What you need to do
Pictures stay out of the answer, but every line of the material must be restated exactly.
** Supplied information follows **
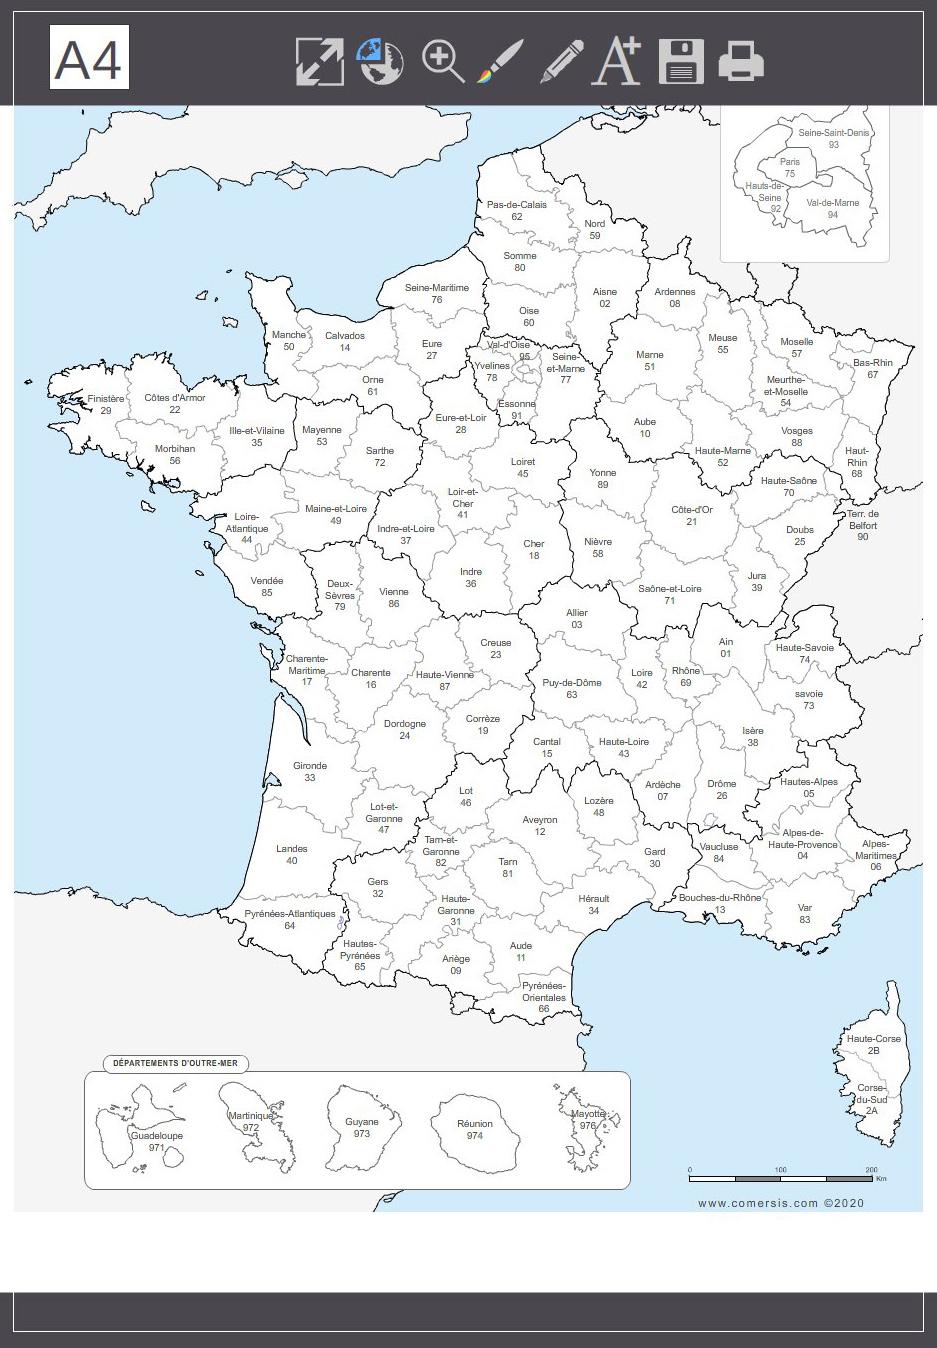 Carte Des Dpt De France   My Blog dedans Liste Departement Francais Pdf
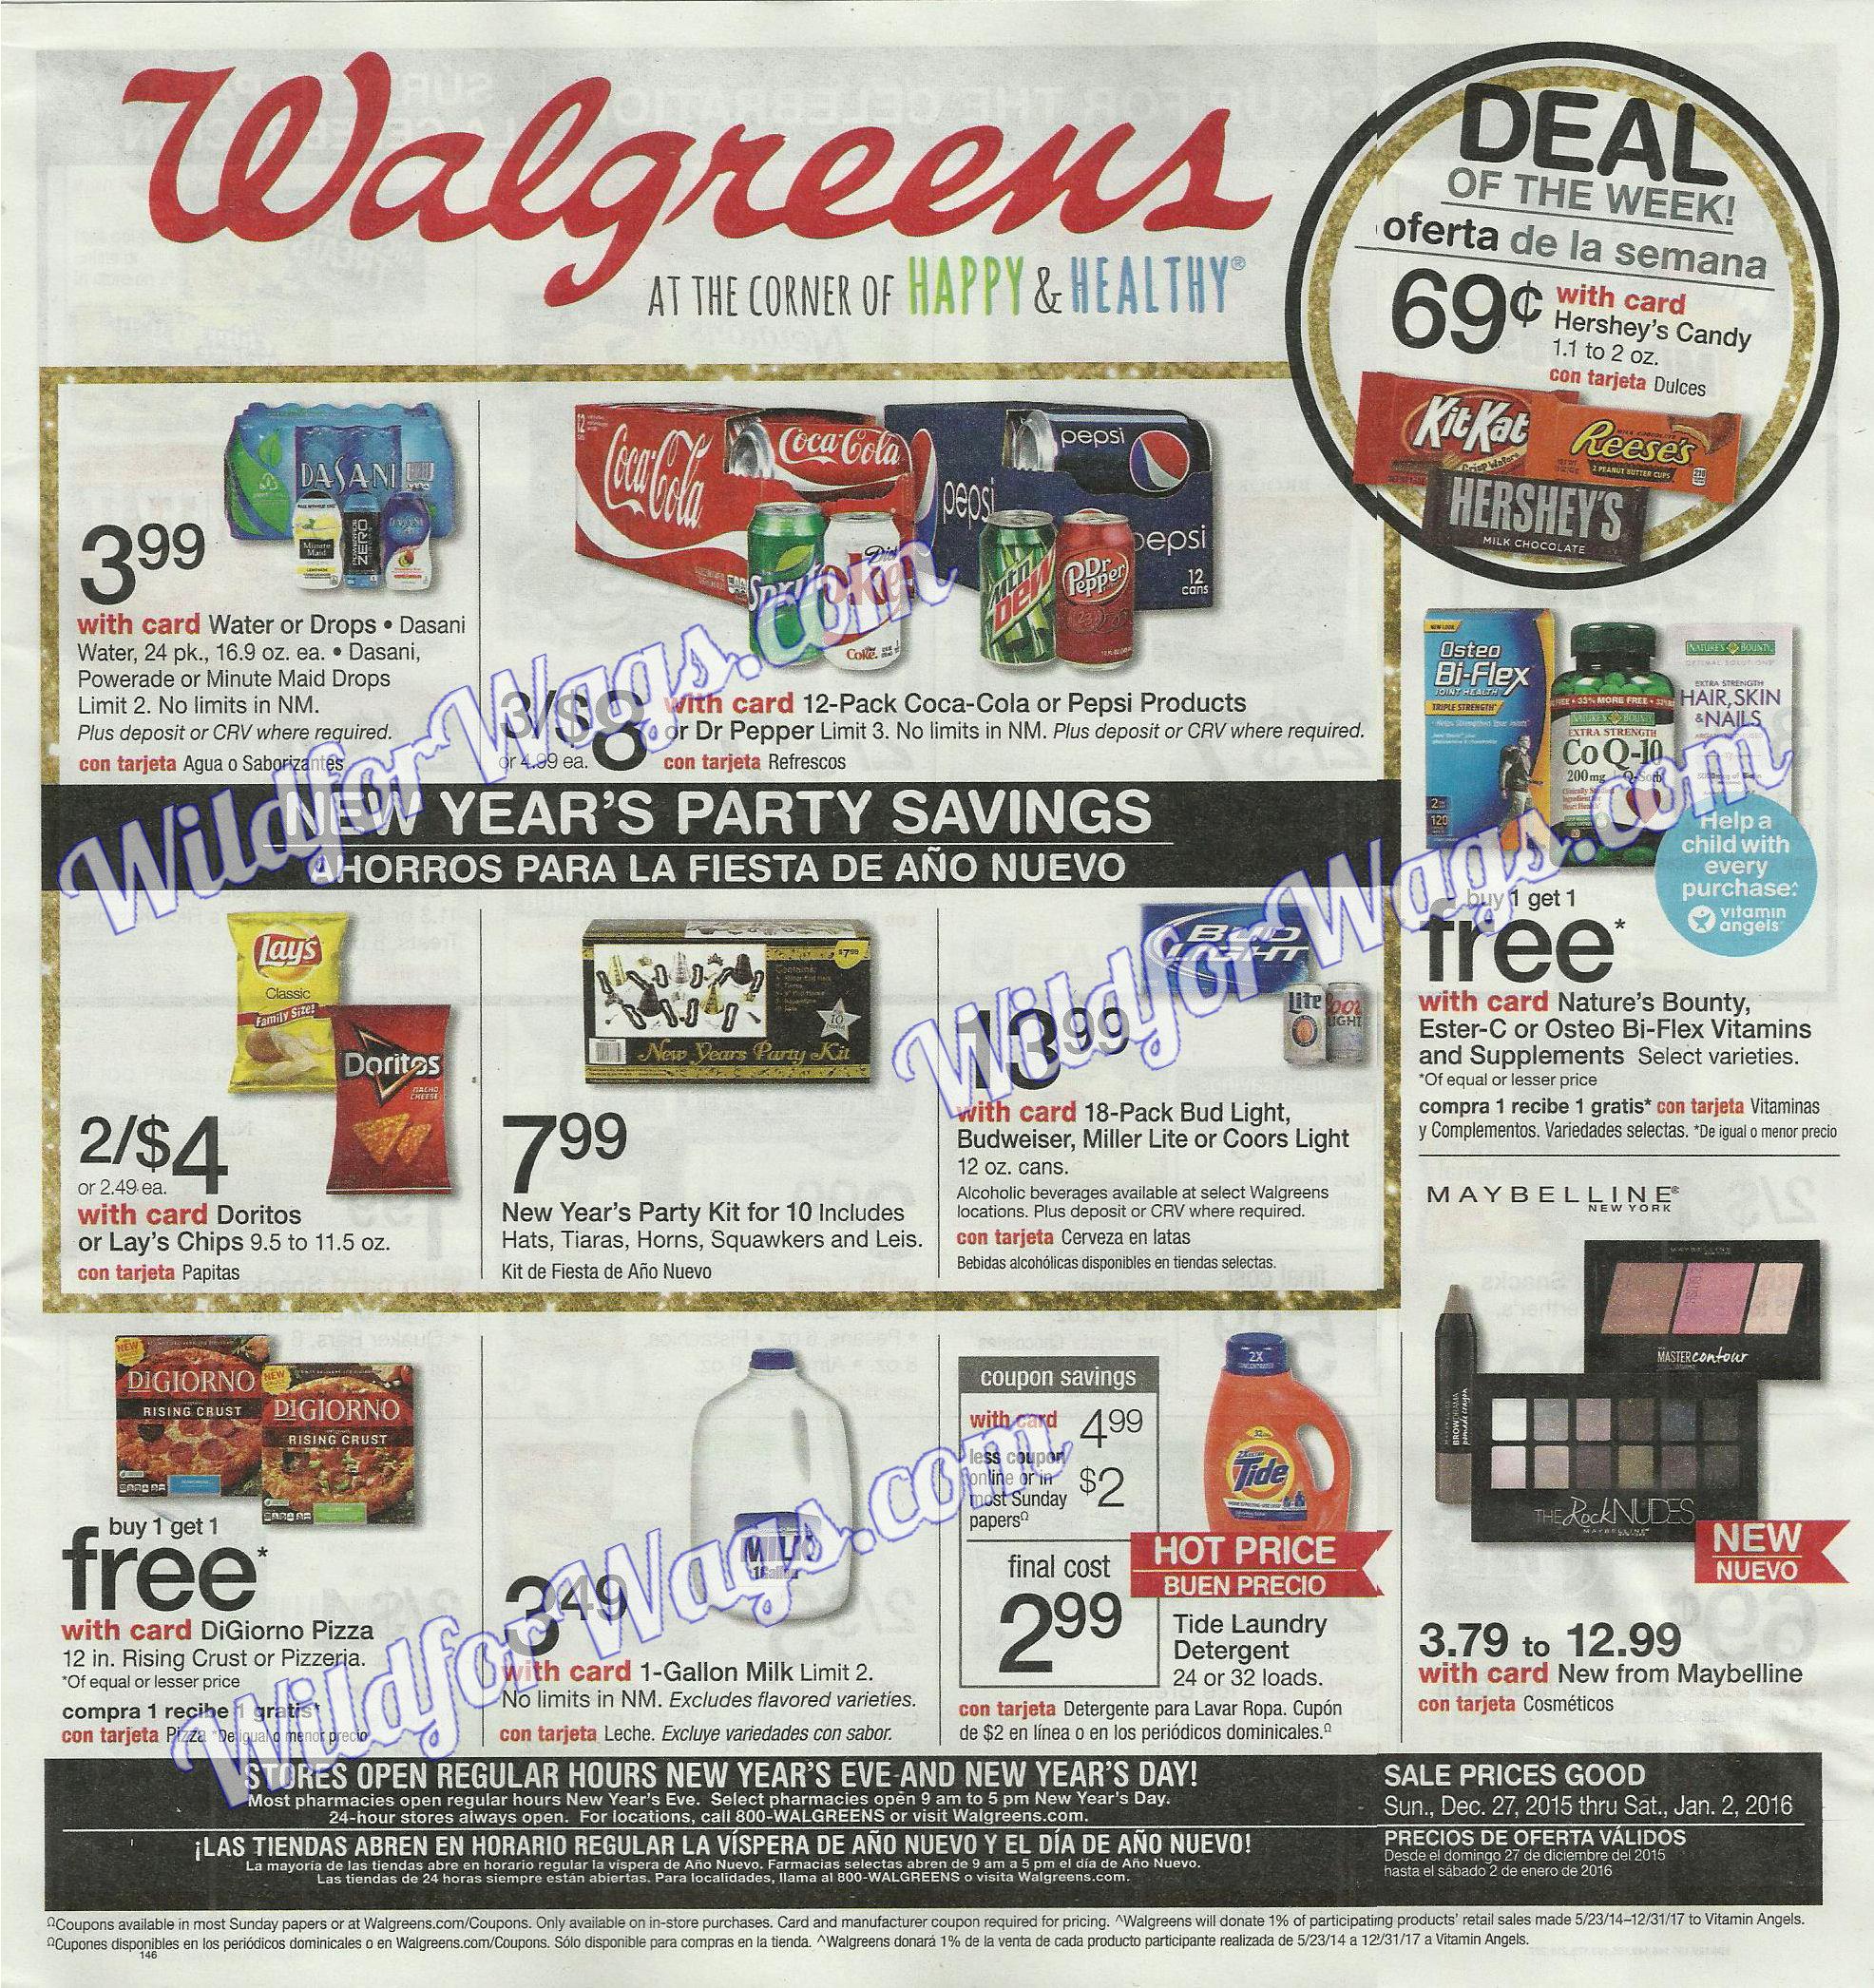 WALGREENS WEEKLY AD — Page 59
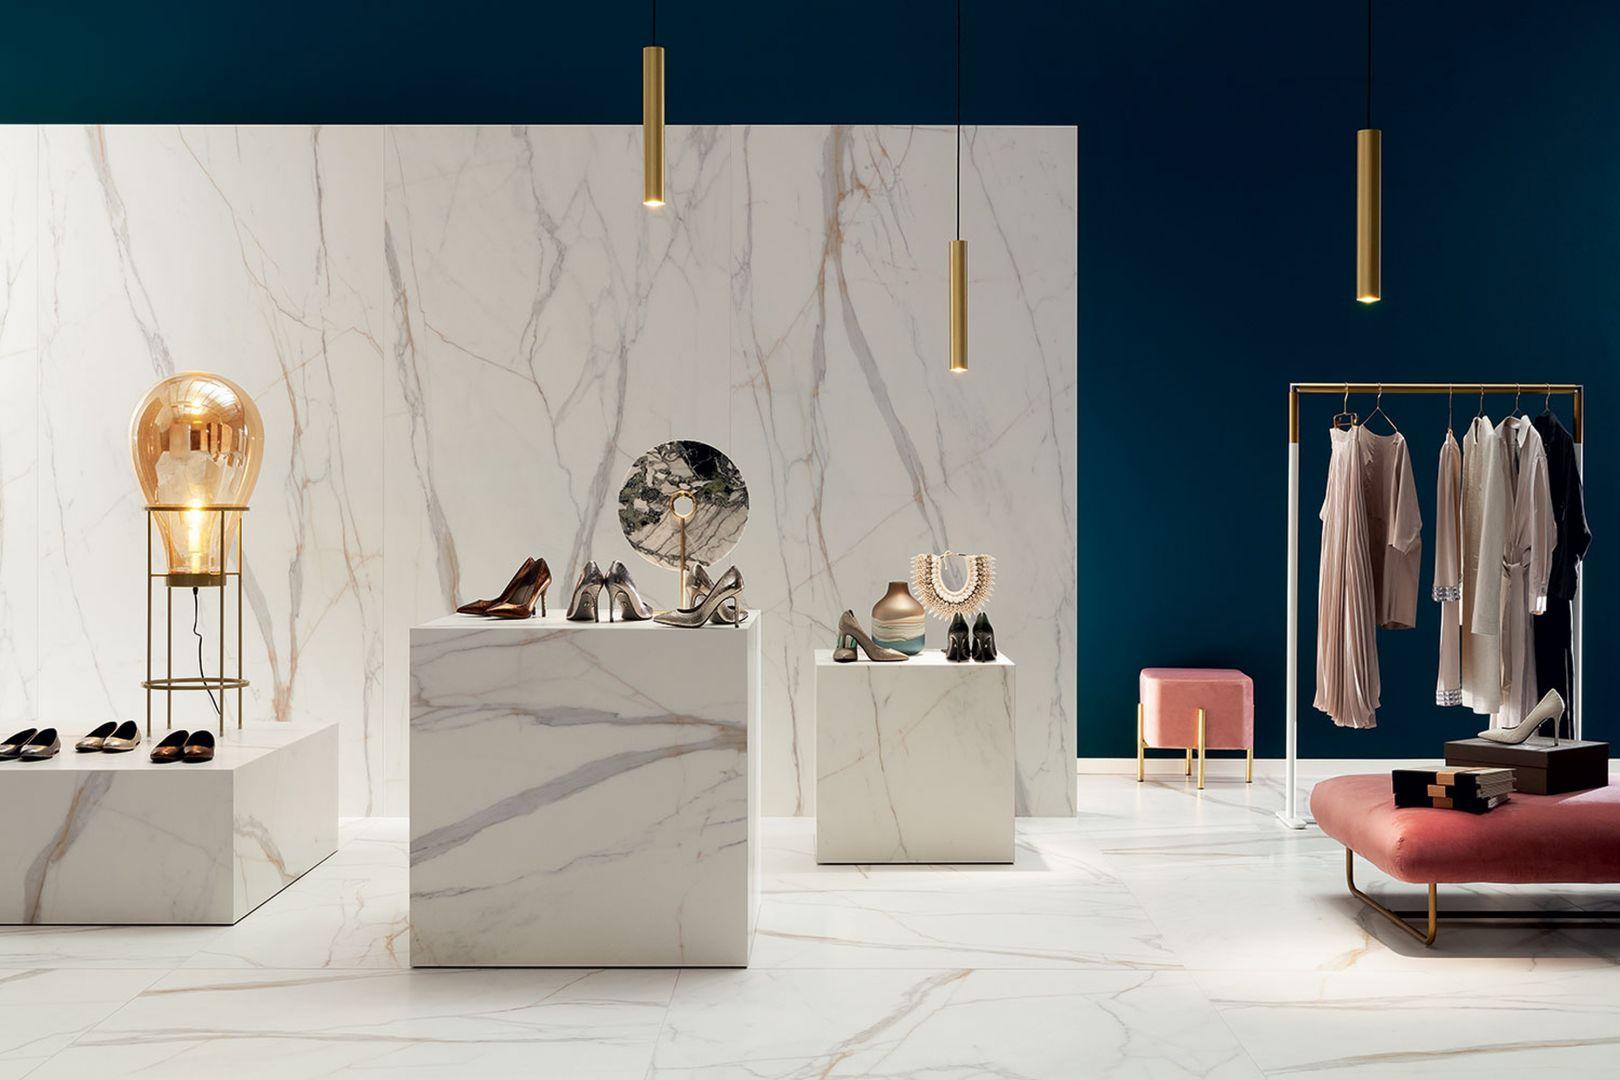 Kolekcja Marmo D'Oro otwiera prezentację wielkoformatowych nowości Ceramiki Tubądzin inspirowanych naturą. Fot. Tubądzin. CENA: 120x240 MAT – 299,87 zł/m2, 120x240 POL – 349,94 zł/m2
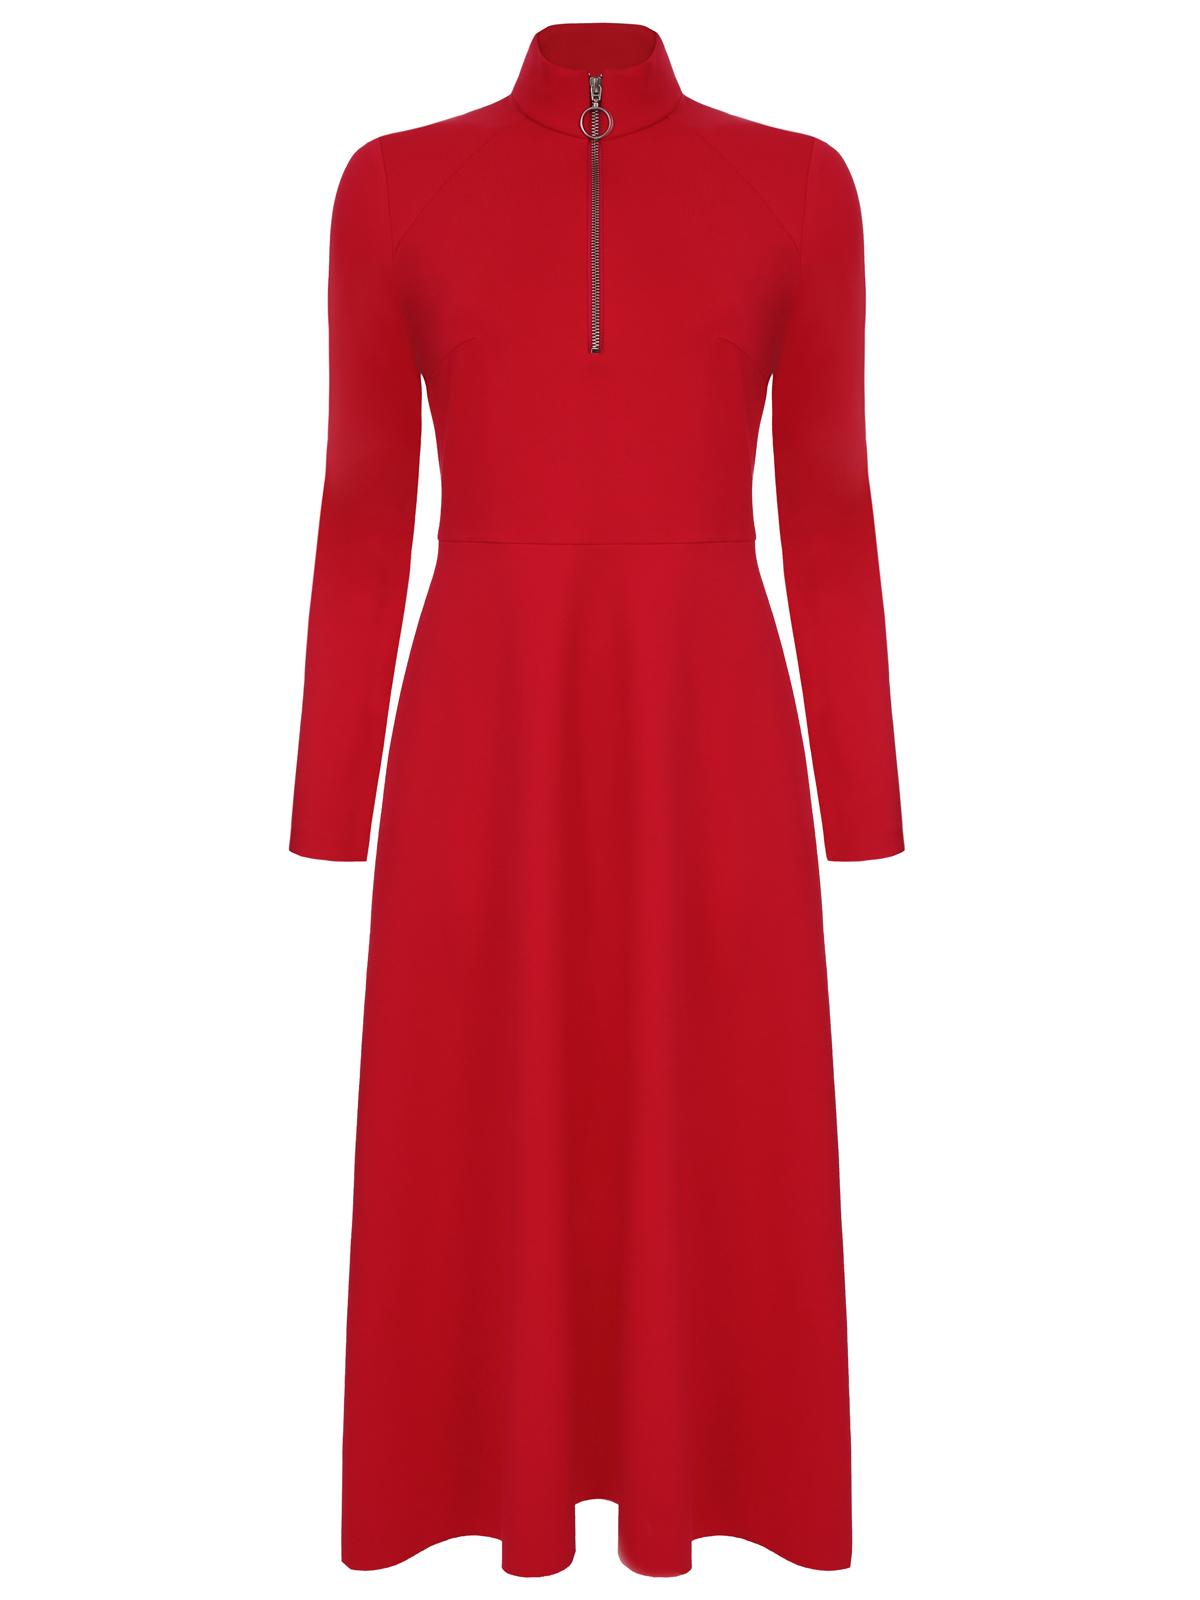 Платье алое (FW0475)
** End of Supplied information **
Response to this exercise
 Carte Des Dpt De France   My Blog dedans Liste Departement Francais Pdf
 WALGREENS WEEKLY AD — Page 59
 Kolekcja Marmo D'Oro otwiera prezentację wielkoformatowych nowości Ceramiki Tubądzin inspirowanych naturą. Fot. Tubądzin. CENA: 120x240 MAT – 299,87 zł/m2, 120x240 POL – 349,94 zł/m2
 Платье алое (FW0475)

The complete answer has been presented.